The SILCS-Covalent workflow is slightly different from the SILCS-MC Docking in Restrained Mode workflow. The SILCS-MC Docking in Restrained Mode workflow is designed to run the SILCS-MC Docking protocol with harmonic restraint on selected atoms of the ligand. The SILCS-Covalent workflow is designed to run the SILCS-MC docking without any restraints on the reactive atom of the ligand first and then run the analysis to identify the ligand conformations with reactive atoms located within a certain distance from the reactive atoms of the residues in the binding site. The SILCS-Covalent workflow allows the reactivity of the target residues and the warheads or ligands to be assessed, whereas the SILCS-MC Docking in Restrained Mode workflow only identifies energetically favored binding poses given that a covalent bond is formed between a target residue and the ligand.

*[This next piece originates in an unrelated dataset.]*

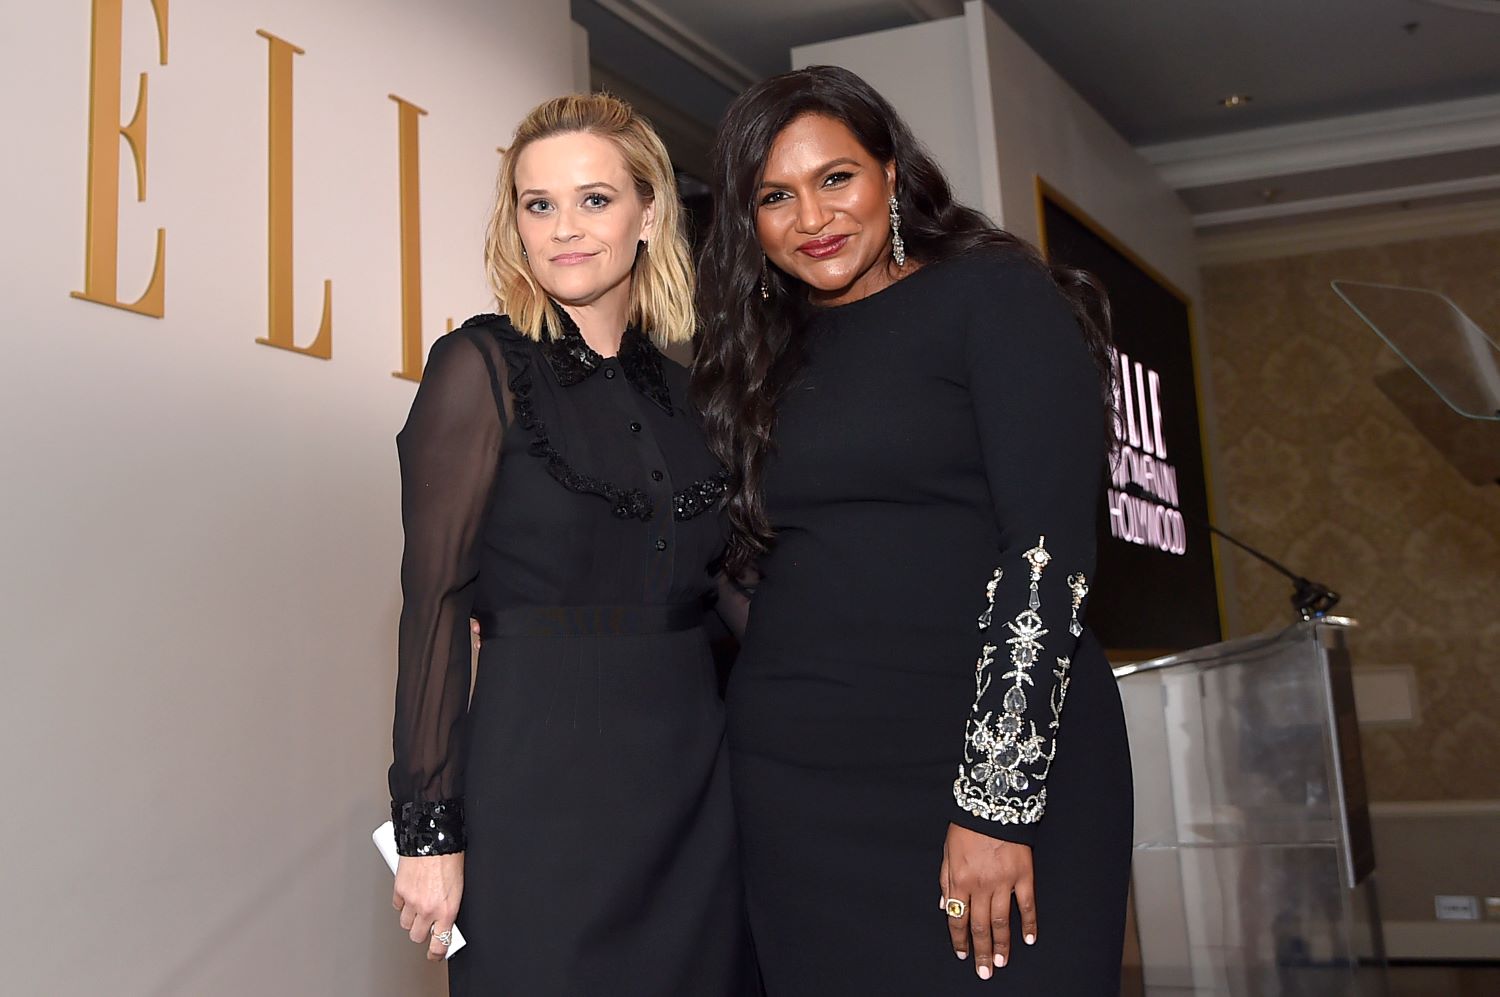 Reese Witherspoon and Mindy Kaling posing together both in black dresses

SILCS-Covalent Using the SilcsBio CLI

  1. Launch SILCS-Covalent docking runs:

    To set up and run SILCS-Covalent docking from the command line interface, create a directory containing all the ligands to be evaluated. Each ligand can be stored as a separate SDF or Mol2 file. Alternatively, all the ligands can be combined into a single SDF file. With this information, enter the following command to set up and launch SILCS-Covalent docking runs:

${SILCSBIODIR}/silcs-covalent/1_run_silcs_covalent prot=<prot pdb>

Required parameters:

  • Path and name of protein PDB file:

    prot=<protein pdb file>
    

Optional parameters:

  • Mode of the SILCS-Covalent workflow:

    mode=< warhead or ligand >
    

    The mode of the SILCS-Covalent worflow can be set to either warhead or ligand. The default mode is warhead.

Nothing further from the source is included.